Он словно опешил, остановился среди комнаты у стола, посмотрел на нее.
— Ты что? Это… ты о вчерашнем? — спросил он упавшим голосом. — Ты, может быть, что-нибудь думаешь? Я просто зашел к нему… То есть, не заходил даже. Мы познакомились случайно… у подъезда…
— Не лги, Август, — сказала она, вдруг начиная бледнеть. — Твоя ложь мне страшнее, чем… чем откровенное признание. Умоляю тебя… Не лги.
— Что ты меня обличаешь?! Ну что?! — снова закричал он, подавив минутную растерянность. — Если хочешь знать, я должен тебя обличать… Я! Понимаешь?! И если ты этого не поймешь…
— Что я должна понять?
— Что ты заблуждаешься… в своих действиях и убеждениях. Ты не должна якшаться…
— Август, подбирай выражения!.. Ведь я жена твоя, — напомнила она сдержанно.
Но он вдруг, почувствовал силу оттого, что поборол свою растерянность, и все больше подогревал себя криком и яростью, в которых была именно эта сила. Чем громче он кричал, тем страшнее казалась ему эта сила, и бешенство все более овладевало им. Казалось, он уже сел на кого-то верхом и несется, ничего не видя, не слыша, не разбирая дороги.
— Ах, тебе, не нравится это слово! Но ты ведь якшаешься… Шансонетка! Проститутка!
Все зазвенело в комнате — стекла, стены, воздух.
Дверь, с треском ударившись о косяк, с испуганным визгом и дрожью пошла назад и осталась растворенной.
Теперь уже звенела сама тишина.
Прислонив ладонь к горячей щеке. Август долго стоял среди комнаты, словно не мог сообразить, что произошло.
7Она все отлично помнила. Как шла по городу, не шла, почти бежала по улице, не зная, куда, как по лицу ее стремительно, неудержимо лились слезы, она вытирала их мокрым платком, но они лились снова и снова, как прохожие останавливались и глядели ей вслед, как она прибежала в самую глухую аллею городского сквера и опустилась на скамью, усыпанную желтыми осенними листьями.

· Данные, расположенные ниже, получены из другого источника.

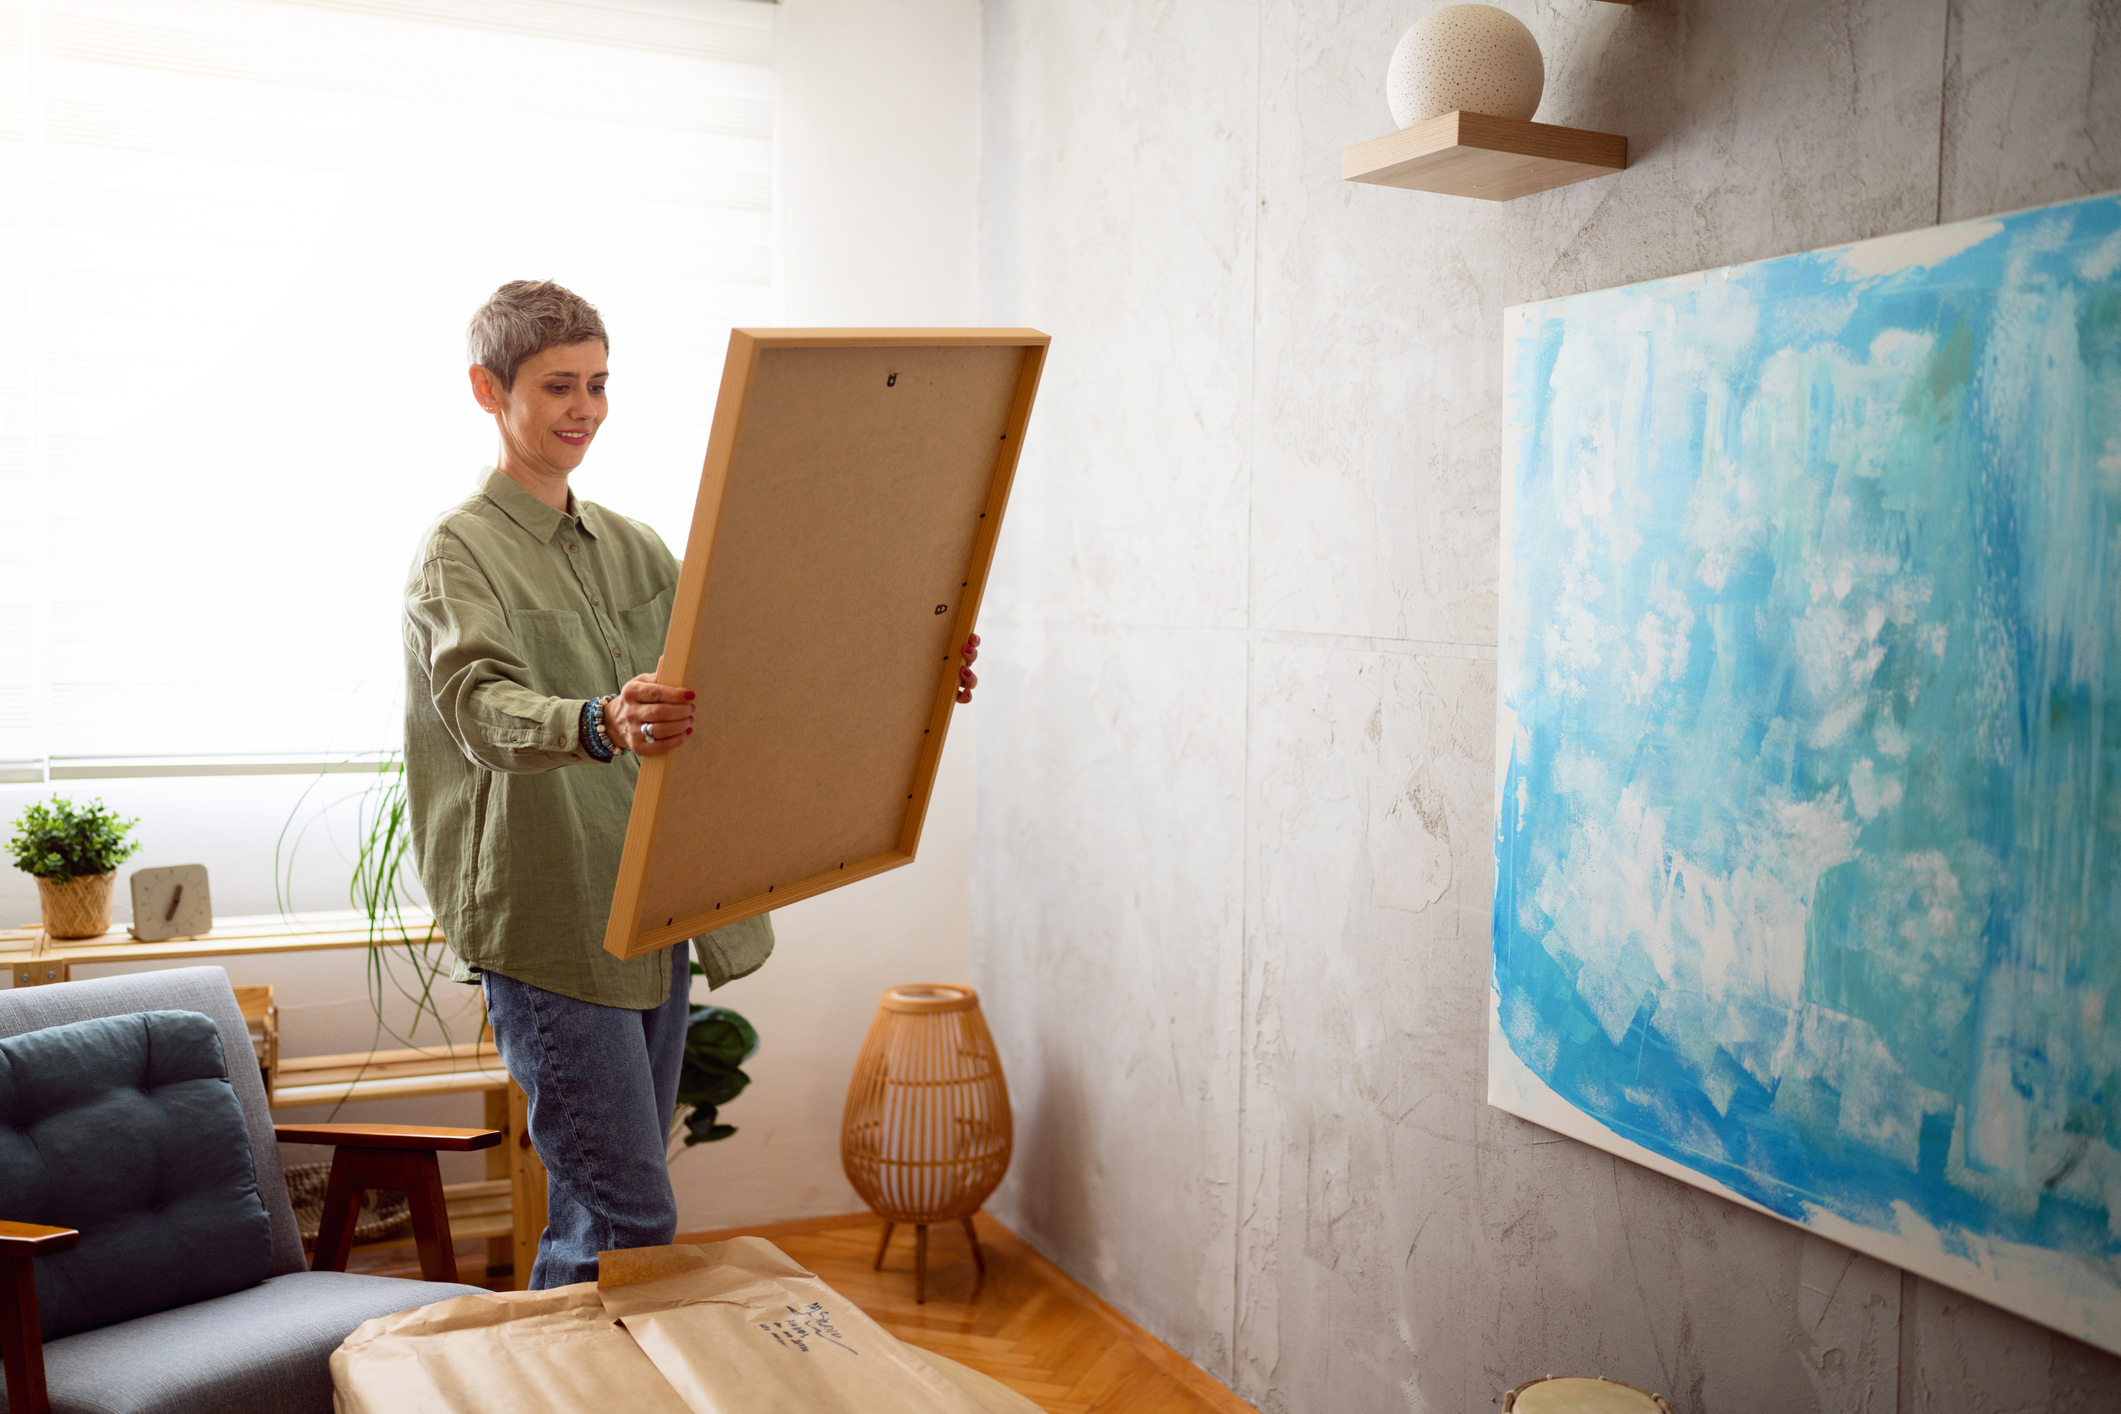 Person hanging a picture frame in a room with furniture and a large blue painting on the wall

И тут вдруг кончились у нее слезы. Надо было решить, что делать. Сейчас же. Немедленно. Потом когда-нибудь она еще подумает об этом дне, но сейчас надо справиться с собой и спокойно решить, что делать. Ясно одно: надо жить. Все равно надо жить. Только твердо знать: его больше нет. Нет, нет, она не простит ему этого никогда. И его для нее не существует. Вообще его не существует. Его просто нет. И все. А вот о главном надо теперь подумать. Бессмысленно ехать, пожалуй, к уездному начальнику. Что он может сделать? Он ведь опять пошлет ее в Красный Крест к этому идиоту Глебову. Говорят, слишком небольшой чин у нынешнего уездного начальника. Всего-навсего капитан. Вот прежде был полковник — Владимир Николаевич Сусанин. У того она была два раза: один раз, когда впервые отправлялась в волость, а потом еще, когда понадобилась бумага от уездного начальника, чтобы мусульмане пускали ее в дом для прививок оспы и санитарного осмотра.
Да, надо что-то делать.
Она открыла сумочку, пересчитала деньги. Потом оттуда же, из сумочки, из потайного кармашка, достала самое дорогое, что еще оставалось у нее от матери — бриллиантовый крестик на золотой цепочке, браслет с замочком в виде змеиной головы.
Крестик жалко. Он почему-то напоминает ей далекое-далекое детство и встречу с Августом… в Эрмитаже…
Нет, нет… Она больше не будет его вспоминать… Не будет!
Крестик жалко. Но браслет со змеиной головой… Откуда он у матери? Разве его можно было носить?! Хотя вот сейчас надеть его, может быть, не мешало… Ради Августа… Пусть бы знал… Опять!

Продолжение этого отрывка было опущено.